In this regard, FHANI wants the Kaduna State Government to go beyond reaffirming commitments and invest boldly in the action needed to make that change.

In a statement, Grace Yila Maikano, Rise Up Project Manager, Family Health Advocates in Nigeria Initiative said the International Day of the Girl Child focuses attention on the need to address the challenges girls face and to promote girls’ empowerment and the fulfillment of their human rights.

“Girls have the right to a safe, educated, and healthy life, not only during their formative years, but also as they mature into women.

“If effectively supported and educated, girls have the potential to change the world both as the empowered girls of today and as tomorrow’s workers, entrepreneurs, mentors, household heads, political leaders, and mothers.

” An investment in realizing the power of girls upholds their rights today and promises a more equitable and prosperous future, one in which half of humanity is an equal partner in solving the problems of climate change, political conflict, economic growth, disease prevention, and global sustainability.

Grace Maikano noted that in Kaduna State, girls have been displaced due to insecurity and kidnapping which has affected their education and livelihood.

Family Health Advocates in Nigeria Initiative (FHANI) with support from the Rise Up Project, she emphasized, is advocating on behalf of these girls to the State government through the ministry of education to formulate an e-learning policy to enable every girl in respect of where she is found, to have access to education.
“As today mark the international day of the girl child, we hope the Policy will not only be approved but disseminated to all stakeholders and the government at all levels make haste in implementing the policy.
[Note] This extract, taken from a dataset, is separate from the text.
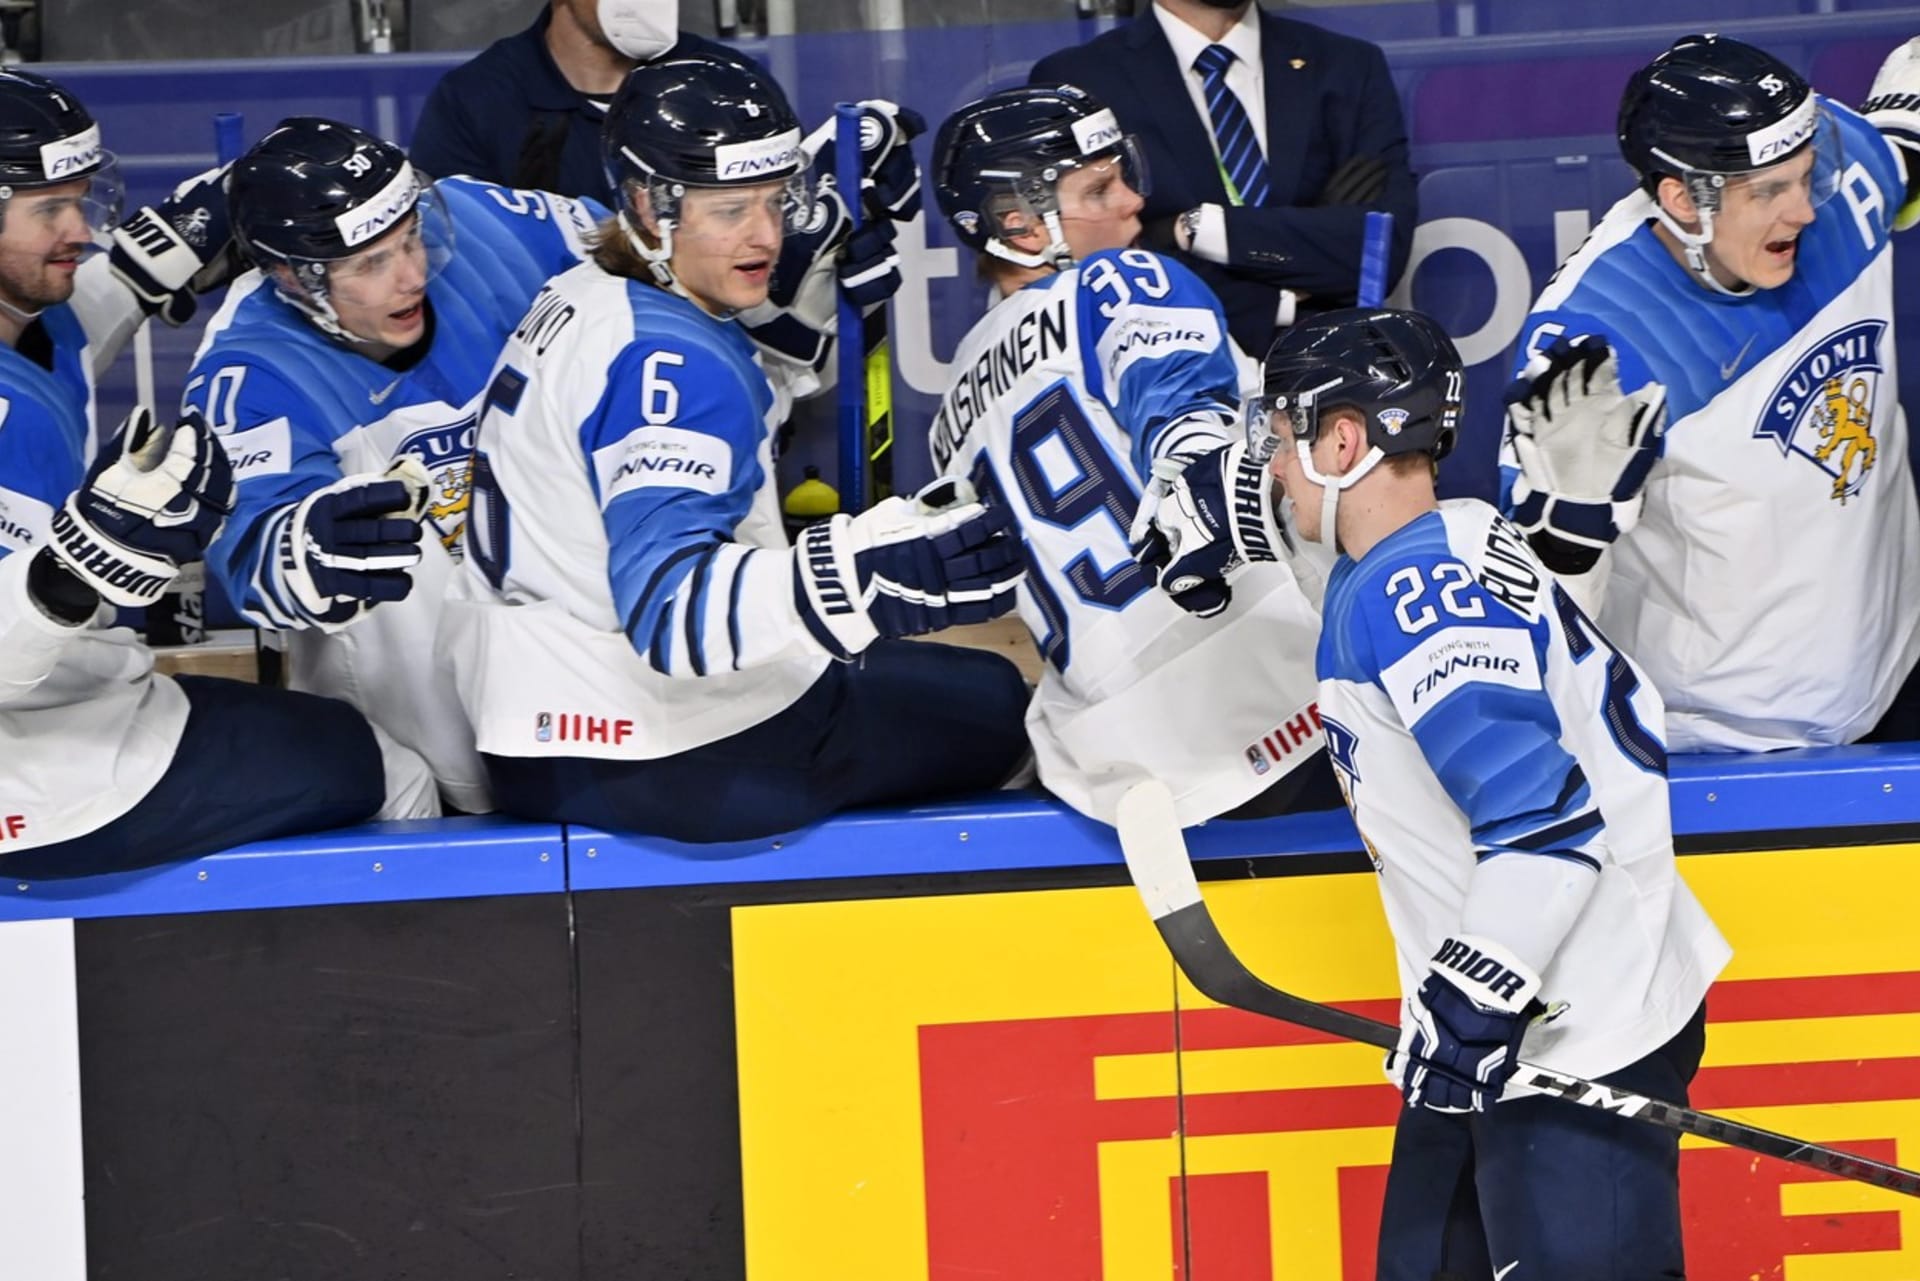 Finští hokejoví odborníci považují Čechy za nejhoršího soupeře pro čtvrtfinálový duel na letošním mistrovství světa.

” The current statistics from United Nations shows;Nearly 1 in 5 girls are still not completing lower-secondary and nearly 4 in 10 girls are not completing upper-secondary school today.Around 90 per cent of adolescent girls and young women do not use the internet in low-income countries, while their male peers are twice as likely to be online.Globally, girls aged 5-14 spend 160 million more hours every day on unpaid care and domestic work than boys of the same age.

“Adolescent girls continue to account for 3 in 4 new HIV infections among adolescent Nearly 1 in 4 married/partnered adolescent girls aged 15-19 have experienced physical or sexual violence from an intimate partner at least once in their lifetime.Even before the COVID-19 pandemic, 100 million girls were at risk of child marriage in the next decade.

“And now over the next ten years, up to 10 million more girls worldwide will be at risk of marrying as children because of the COVID-19 pandemic.These data indicates range of movements and actions to curtail girls’ and women’s rights and roll back progress on gender equality, we see particularly harsh impacts on girls.

“From maternal health care and parenting support for adolescent mothers, to digital and life skills training; from comprehensive sexuality education to survivor support services and violence prevention programmes; there is an urgent need for increased attention and resourcing for the key areas as education that enable girls to realize their rights and achieve their full potential. In responding to this call for change, the state government must move beyond reaffirming commitments and invest boldly in the action needed to make that change”, She concludes.

The United Nations General Assembly, on December 29, 2012 adopted Resolution 66/170 to declare October 11 as the International Day of the Girl Child, to recognize girls’ rights and the unique challenges girls face around the world.

This year’s Day has as Its theme “Invest in Girls’ Rights: Our Leadership, Our Well-being.”